House prices in the U.S. have stabilized, but look for a setback on Thursday as pressure wanes from a last-minute rush of home buyers seeking to take advantage of the federal government’s tax credit.
For long-term investors, house prices are the key for a recovery in vast swaths of the U.S. economy, including the employment picture, building materials, household products and the financial health of the banks.
And in Canada a U.S. housing recovery will help the beleaguered forest products industry.
WHAT ARE THE EXPECTATIONS?
The U.S. house price index, which is scheduled for release Thursday, is forecast to have declined by 0.3 per cent in May, according to a survey of economists by Bloomberg. It rose 0.8 per cent in April and 0.1 per cent in March.
Existing home sales, which are also due out Thursday, are estimated to have fallen in June to 5.1 million units on an annualized basis, from 5.66 million in May.
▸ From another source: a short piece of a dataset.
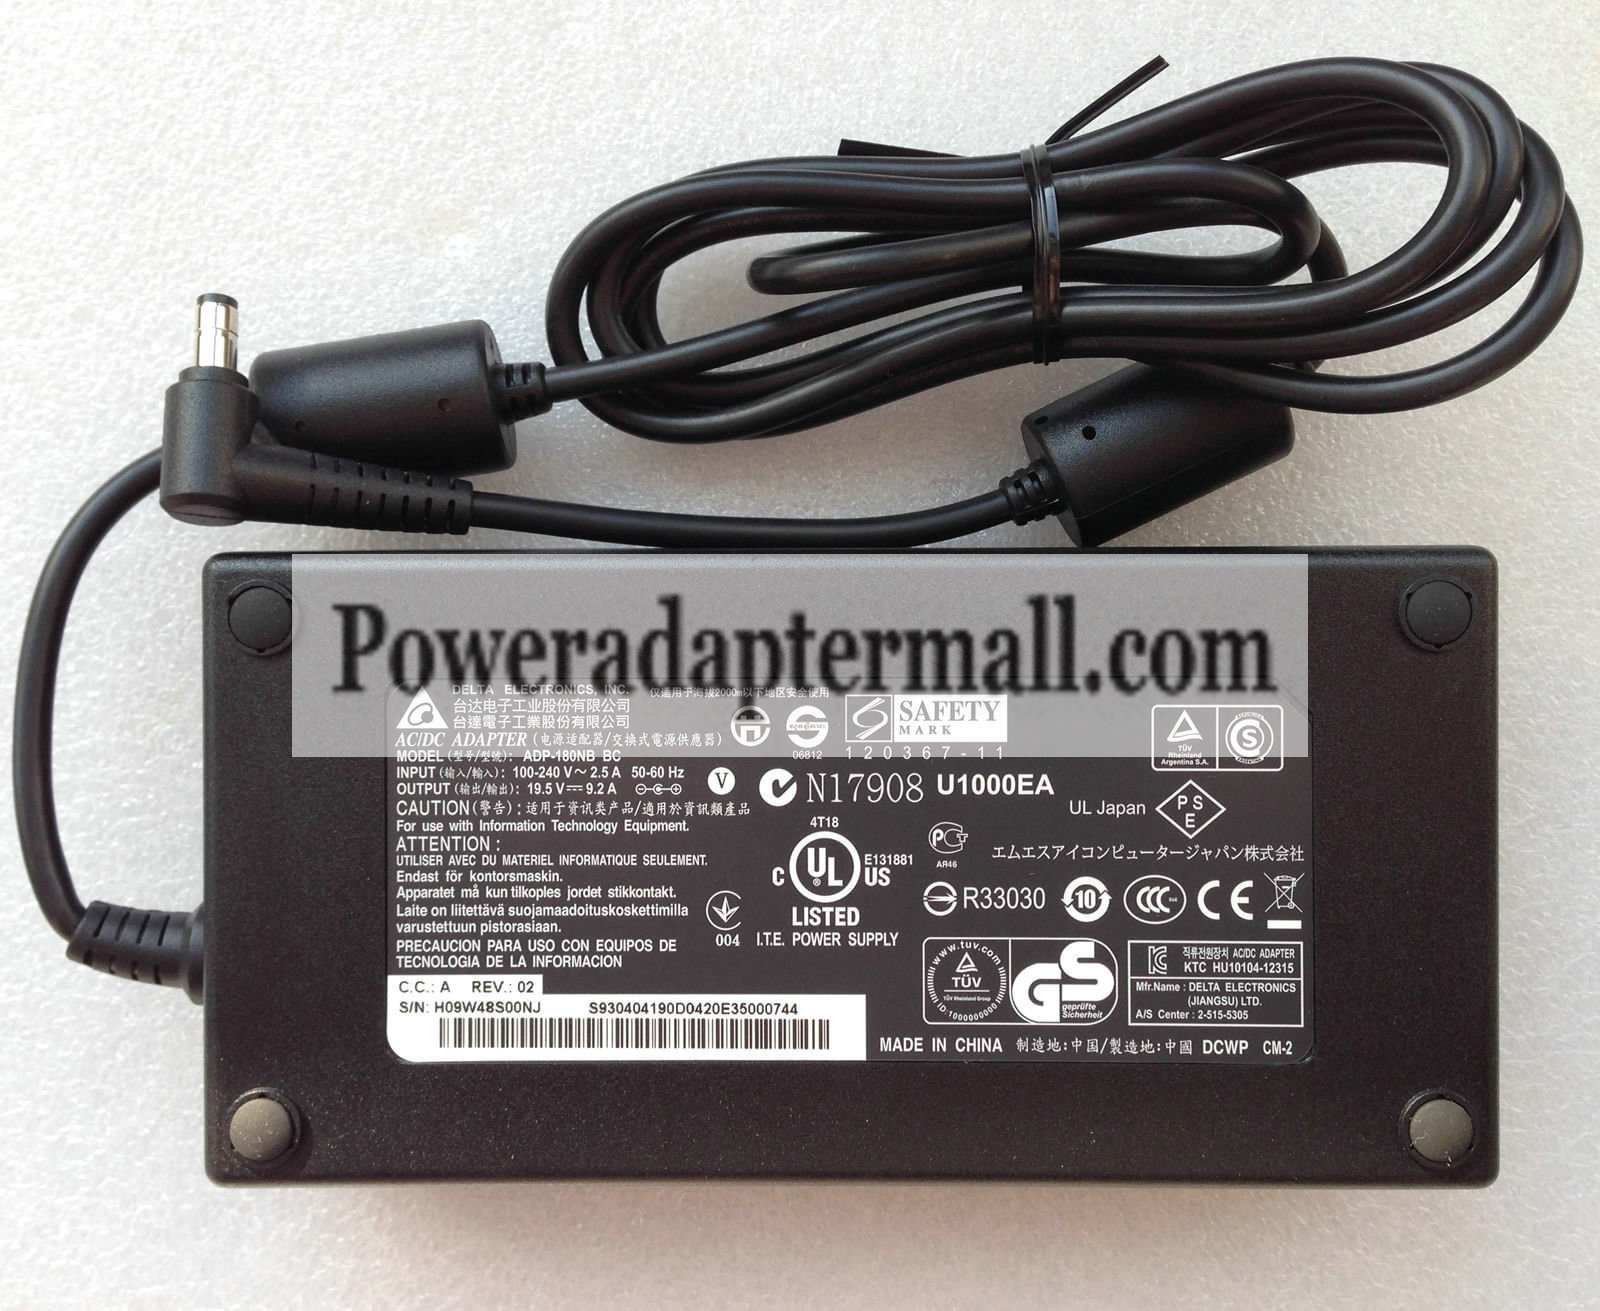 19.5V 9.2A Clevo P150HM Gaming Notebook AC Adapter power supply

A larger drop off in existing home sales is expected in July and August when the full force of the expiry of the tax credit is reflected in the data, according to CIBC World Markets Inc.
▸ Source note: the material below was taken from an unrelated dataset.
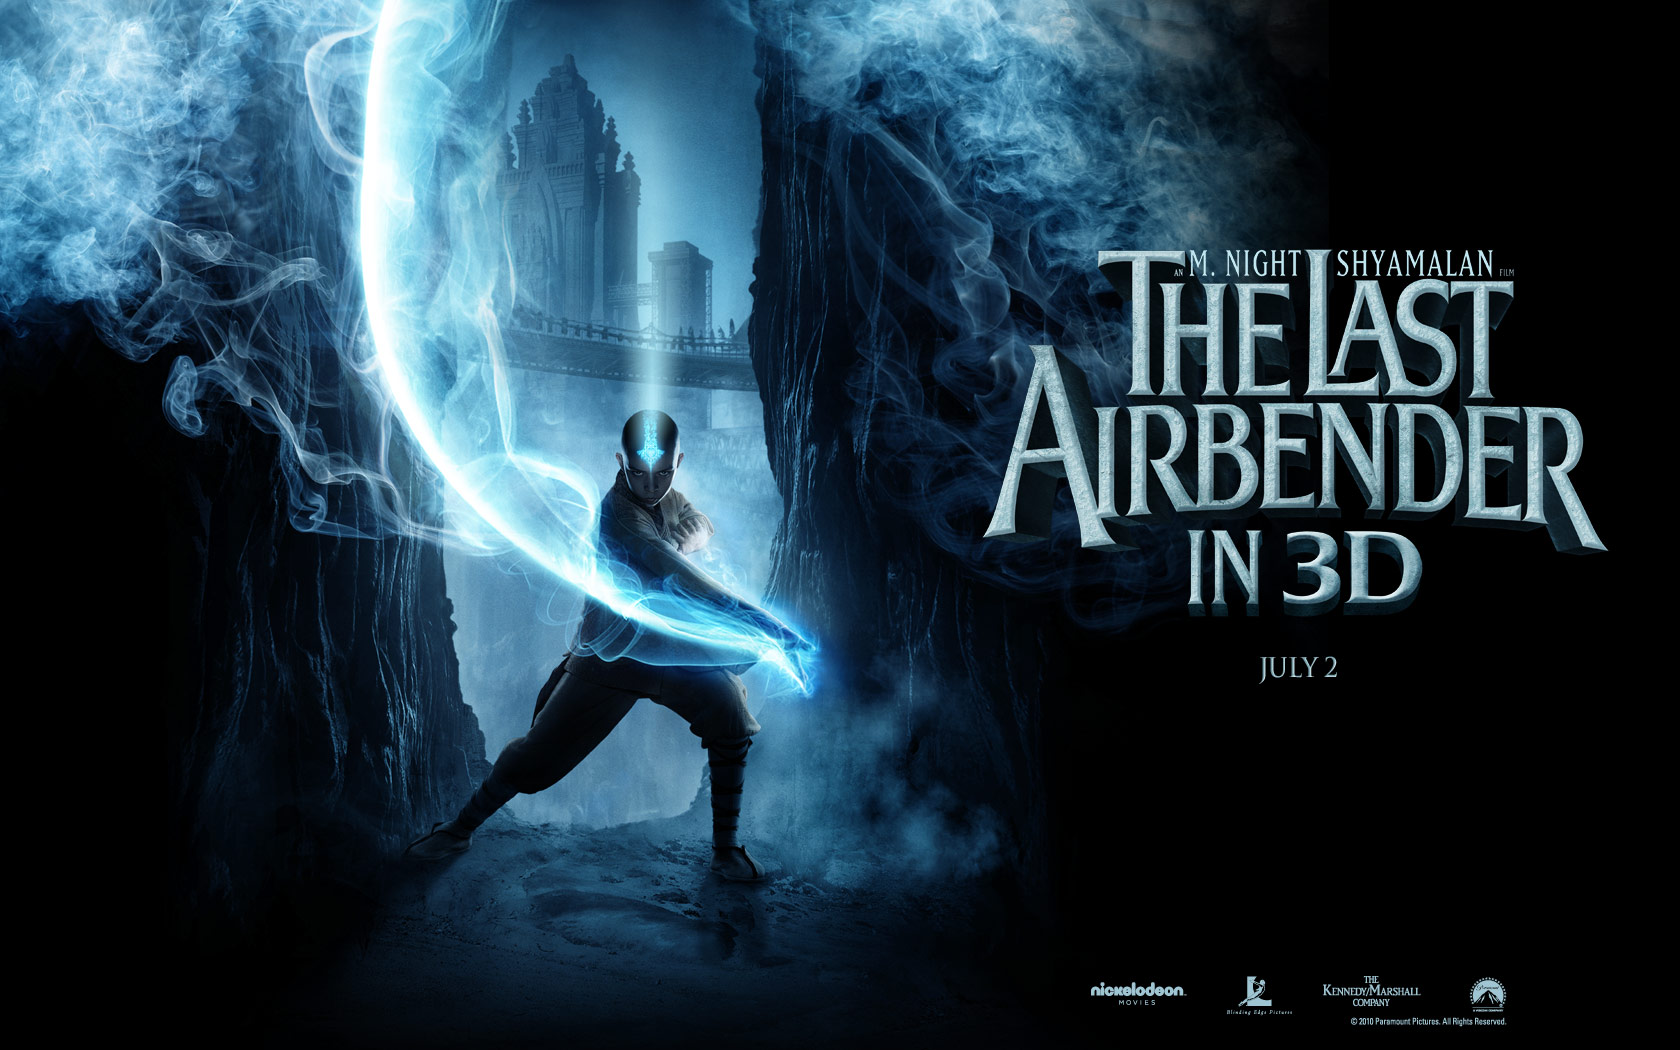  The Last Airbender(ֽ9)

“The post-tax-credit freefall in housing activity, aided and abetted by weak job and absent credit growth, appears destined to apply additional downward pressure on home prices,” said Michael Gregory, a senior economist with BMO Nesbitt Burns Inc. On a year-over-year basis, U.S. house prices are expected to be down 1.5 per cent.
Although the closing date for eligible sales with the tax credit was extended to Sept. 30 from June 30, sales began to plummet during May and June, Mr. Gregory said. The signing deadline for the purchases was April 30.